Badger culling is in the news. Despite scientific evidence that culling will not work to prevent TB in cattle, and the opposition of wildlife trusts and the RSPCA, the government is pressing ahead with the support of the National Farmers Union.
Volunteers are going out by night to protect the setts as far as they can, and it occurred to me that there really ought to be a god of badgers for Pagans to appeal to.
A little bit of Googling brought up something interesting.
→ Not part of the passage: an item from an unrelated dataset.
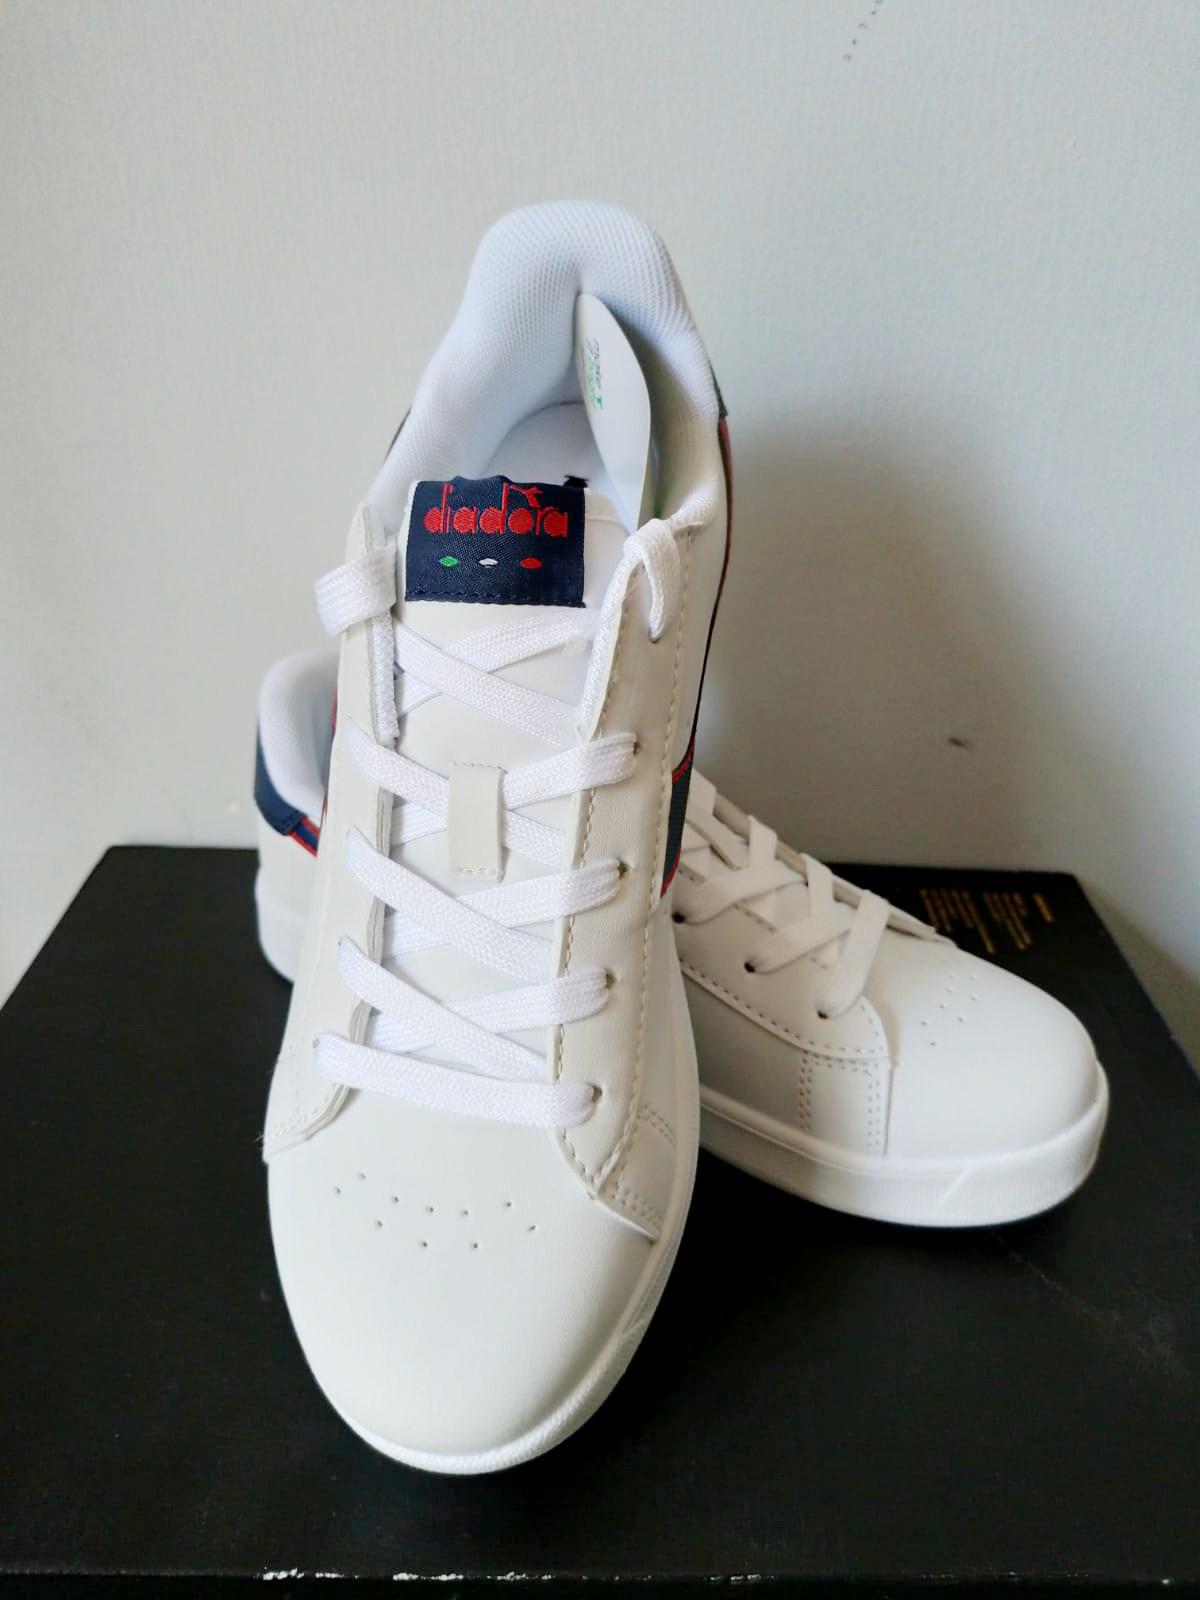 Sneakers P Style Jeu Enfant De Lifestyle Vie Sport Chaussures Sports Femme Diadora FnWwq6BxCE

There is indeed a Gaulish badger god - at least, if the translation of Moritasgus really is Great Badger. It might also be Sea Badger, or "masses of sea water". There was a Romano-Gaulish shrine to Apollo Moritasgus at a place called Alesia in present day Burgundy. The Romans often tagged the name of one of their own gods onto a local deity, and since Apollo and Moritasgus were both associated with healing, it seems apt. There was a healing spring at the shrine, and excavations have turned up offerings of model parts of the body, much as you'd find today at Lourdes or other Catholic healing shrines. Alesia is nowhere near the sea, though, which makes me tend to favour the Badger translation of the name.
And then it gets even better, because Moritasgus's consort goddess is Damona - the Divine Cow.
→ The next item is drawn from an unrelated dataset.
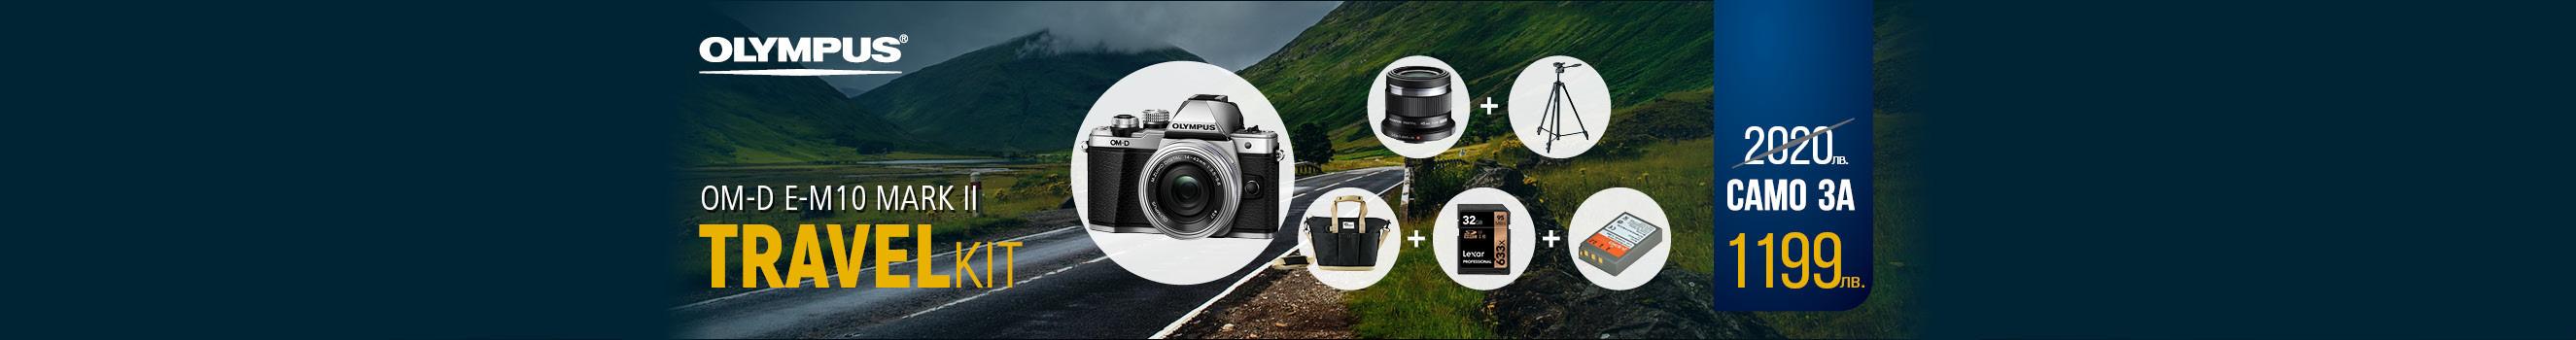 Комплект с фотоапарат Olympus E-M10 II, 2 обектива и аксесоари на супер цена!

Alesia became even more interesting when I dug a little further, too. It wasn't just the site of a healing shrine. Anyone who's read Asterix will be familiar with the name of the great Gaulish hero Vercingetorix. Alesia is the place where Julius Caesar defeated Vercingetorix in battle, and conquered Gaul (except for that one little village where Asterix lived, of course). It was, in fact, a huge siege, with the Romans throwing up vast earthworks to cut off the Gauls from their re-enforcements, and traces of these earthworks have been picked up by aerial photography There's a statue of Vercingetorix there now.